Deploy Helm Charts
- Before You Begin
- Limitations
- Supported Platforms and Technologies
- Review: Artifacts and Helm Charts
- Step 1: Add the Helm Chart
- Option: Reference the Artifact
- Option: Override Chart Values YAML in Service
- Option: Override Chart Values YAML in Environment
- Option: Override Chart Values YAML at Runtime
- Step 2: Define the Infrastructure and Execution
- Step 3: Deploy
- Option: Trigger the Pipeline on a New Chart Version
You can deploy Helm charts in standard Helm syntax in YAML from a remote Git repo, HTTP Helm Repository, or cloud storage service (Google Cloud Storage, AWS S3).
This process is also covered in the Helm CD Quickstart.
Before You Begin
- Helm CD Quickstart
- The Chart Template Developer's Guide from Helm.
- The Helm charts repo on GitHub has many useful examples.
Limitations
- Harness does not support AWS cross-account access for ChartMuseum and AWS S3. For example, if the Harness Delegate used to deploy charts is in AWS account A, and the S3 bucket is in AWS account B, the Harness Cloud Provider that uses this Delegate in A cannot assume the role for the B account.
Supported Platforms and Technologies
See Supported Platforms and Technologies.
ChartMuseum Binaries
Many Helm Chart users use ChartMuseum as their Helm Chart Repository server.
- ChartMuseum binary v0.8.2: the default ChartMuseum binary used by Harness is v0.8.2.
- ChartMuseum binary v0.12.0: to use ChartMuseum binary v0.12.0 you must enable the feature flag
USE_LATEST_CHARTMUSEUM_VERSION
. Contact Harness Support to enable the feature.
Review: Artifacts and Helm Charts
Harness supports image artifacts with Helm charts in the following ways.
Helm Chart with Hardcoded Artifact
The image artifact is identified in the Helm chart values.yaml file.
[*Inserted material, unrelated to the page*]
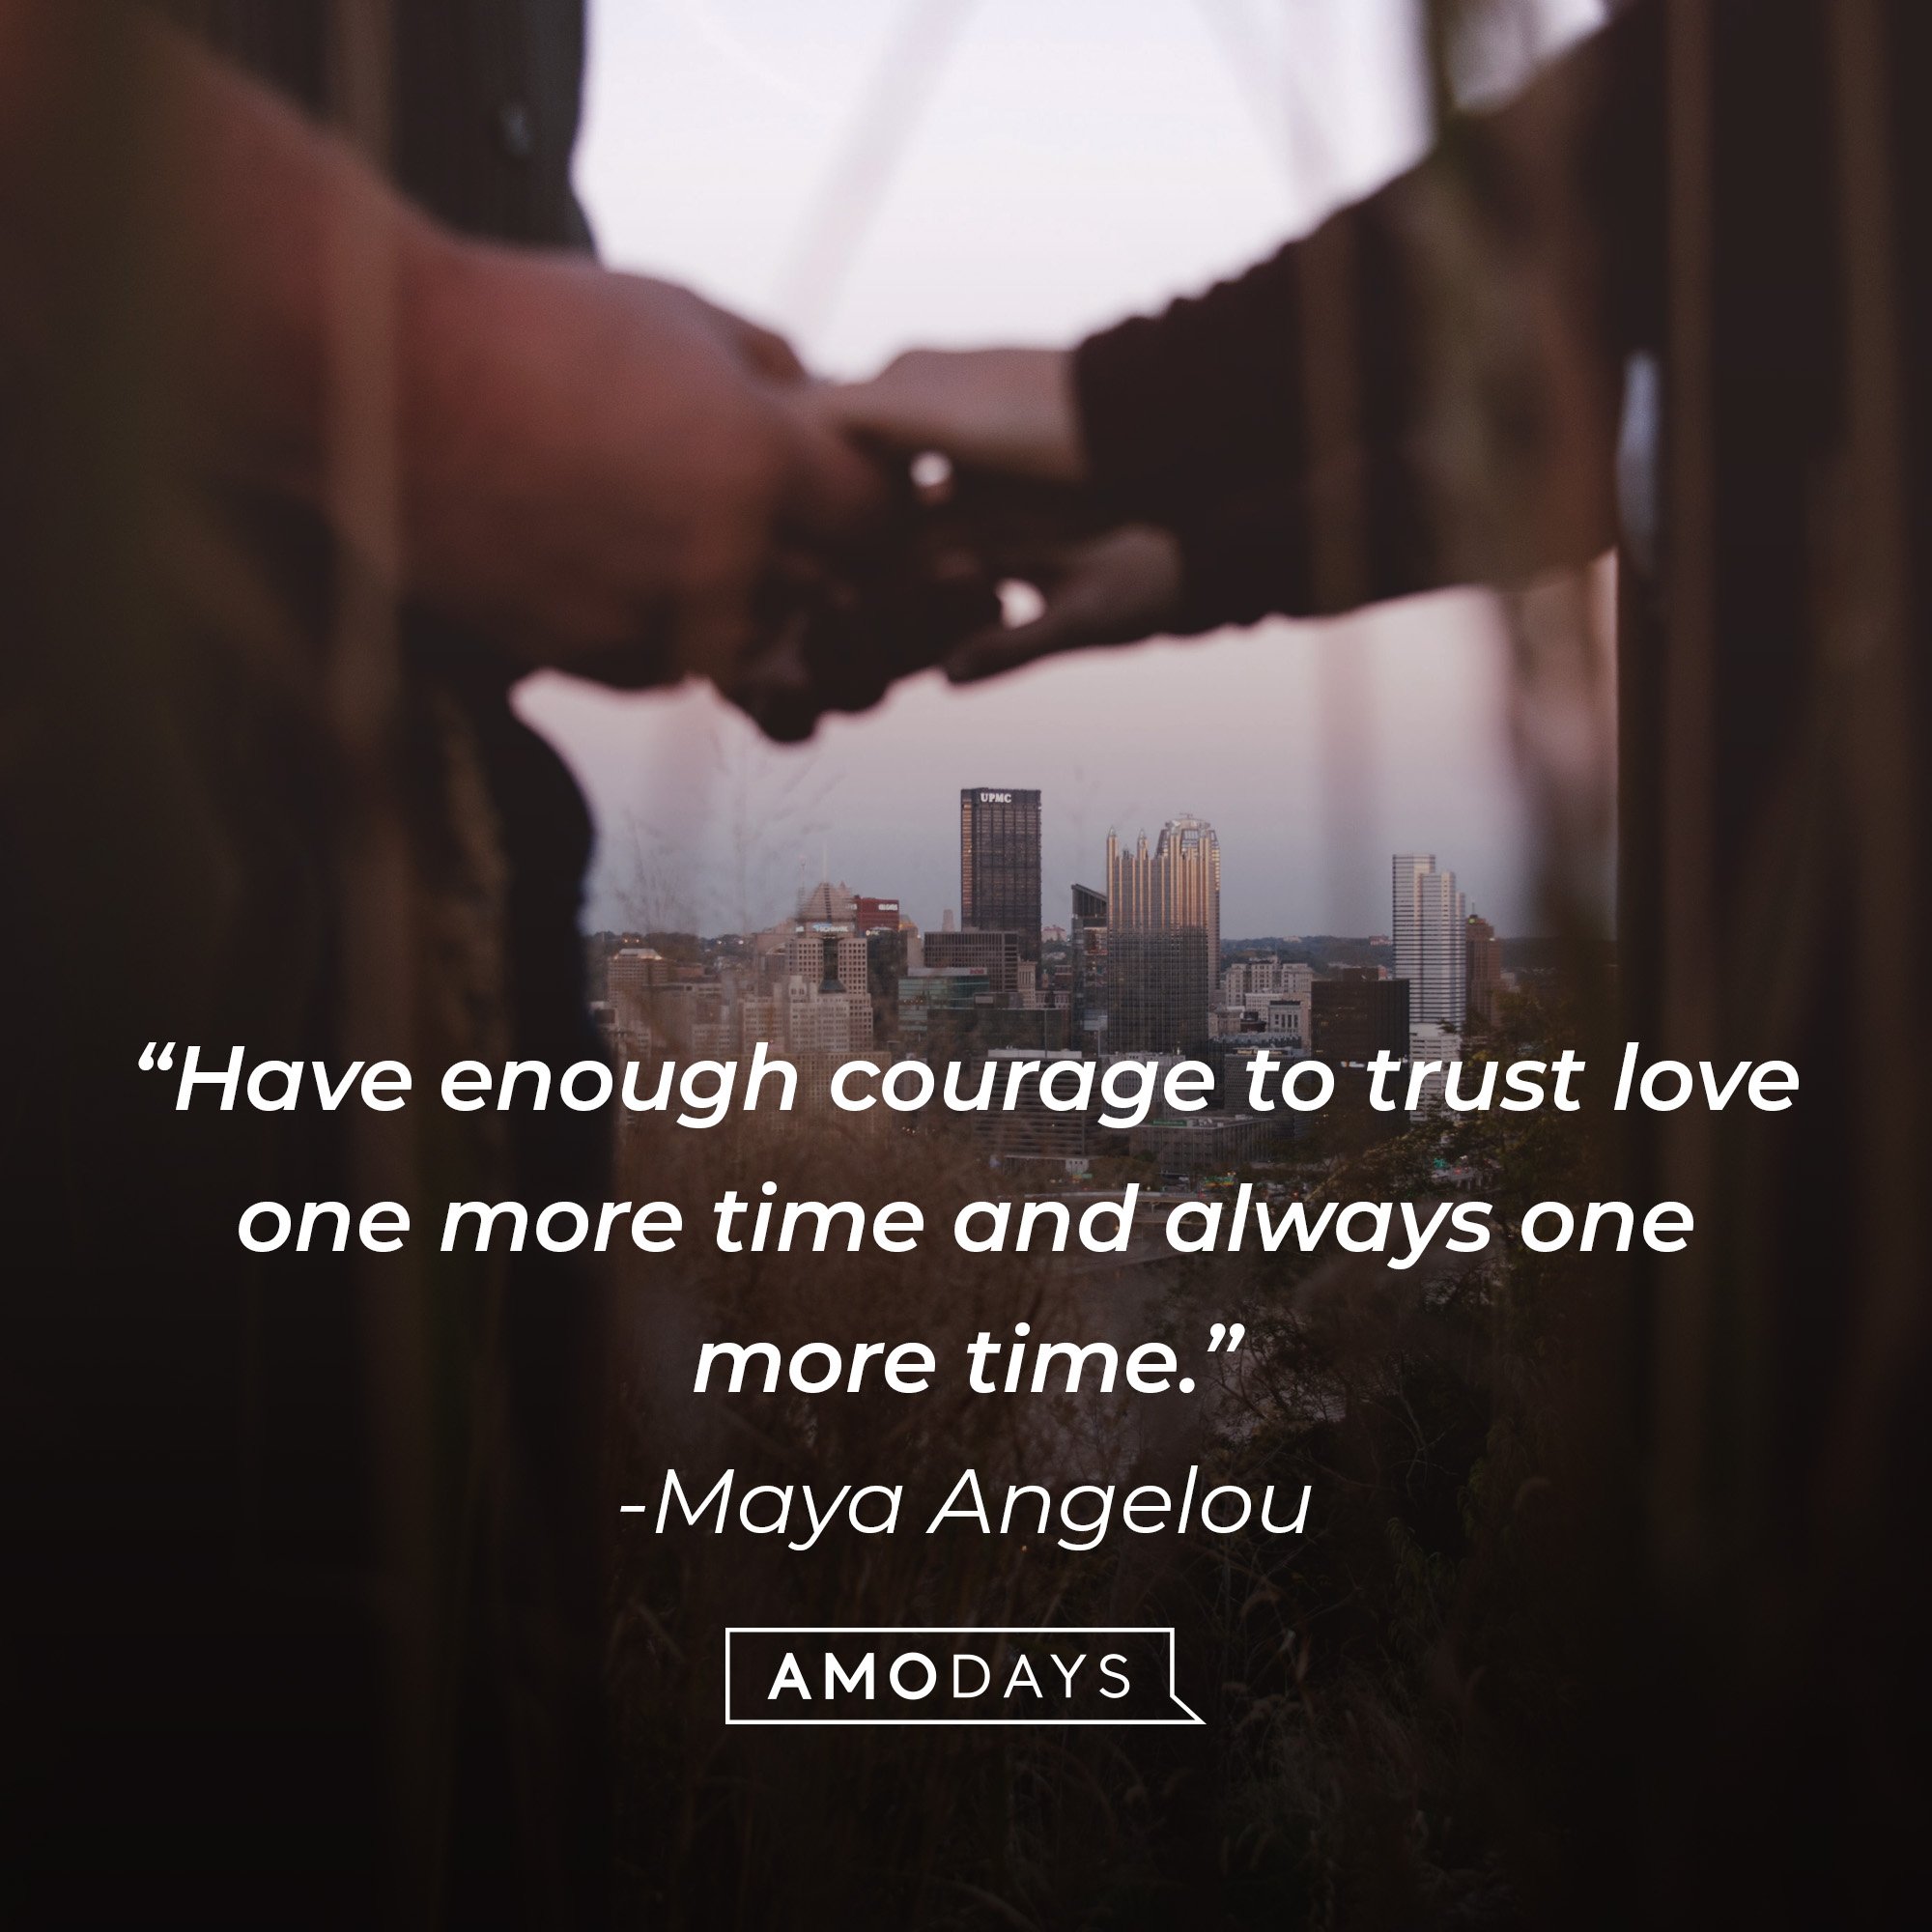 Maya Angelou’s quote: “Have enough courage to trust love one more time and always one more time.” | Image: AmoDays

For example:
...
containers:
- name: nginx
image: docker.io/bitnami/nginx:1.21.1-debian-10-r0
...
If the image is hardcoded then you do not use the Artifacts section of the Service. Any artifacts added here are ignored.
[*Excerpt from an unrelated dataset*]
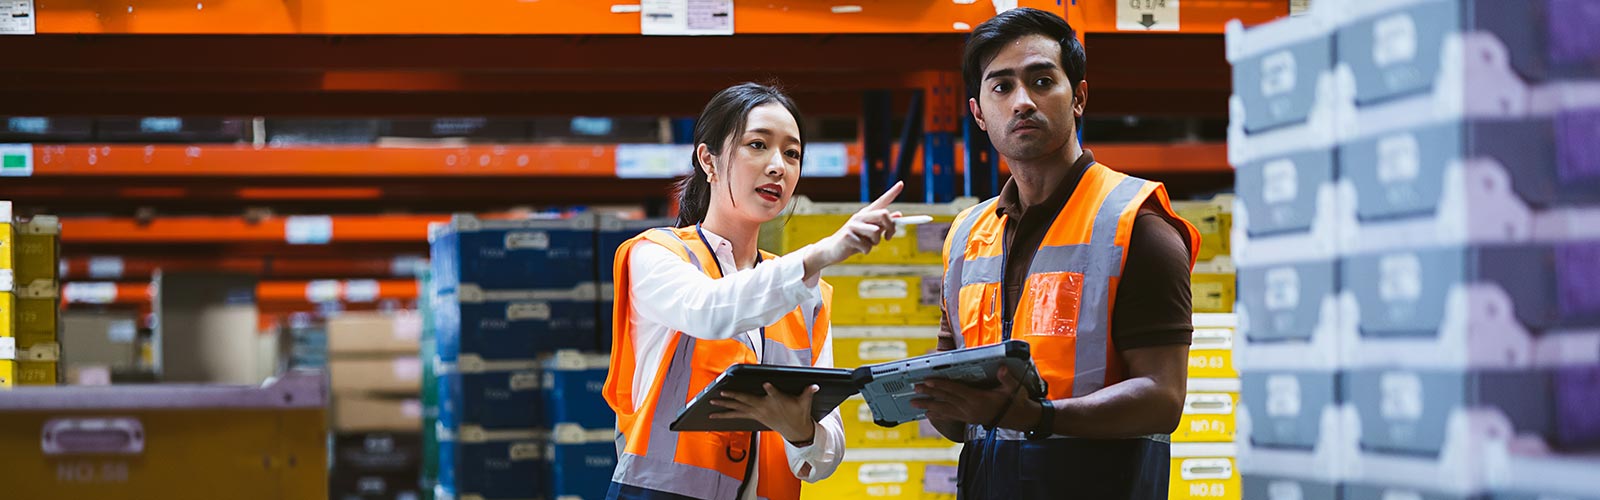 supply chain managers inspecting an outbound load and pointing to an error found using supply chain management software

Helm Chart using Artifact Added to the Stage
You add an image artifact to the Artifacts section of the Service and then reference it in the Helm chart values.yaml file.
Artifacts in the Artifacts section are referenced using the <+artifact.image>
expression. For example:
...
image: <+artifact.image>
pullPolicy: IfNotPresent
dockercfg: <+artifact.imagePullSecret>
...
This is the same method when using Artifacts with standard Kubernetes deployments. See Add Container Images as Artifacts for Kubernetes Deployments.
Step 1: Add the Helm Chart
Adding a Helm chart is a simple process of connecting Harness to the Git or HTTP Helm repo where your chart is located.
In your CD stage, click Service.
In Service Definition, select Kubernetes.
In Manifests, click Add Manifest.
In Specify Manifest Type, select Helm Chart, and click Continue.

In Specify Helm Chart Store, select the type of repo or or cloud storage service (Google Cloud Storage, AWS S3) you're using.

For the steps and settings of each option, see the Connect to an Artifact Repo How-tos.
If you are using Google Cloud Storage or Amazon S3, see Cloud Platform Connectors.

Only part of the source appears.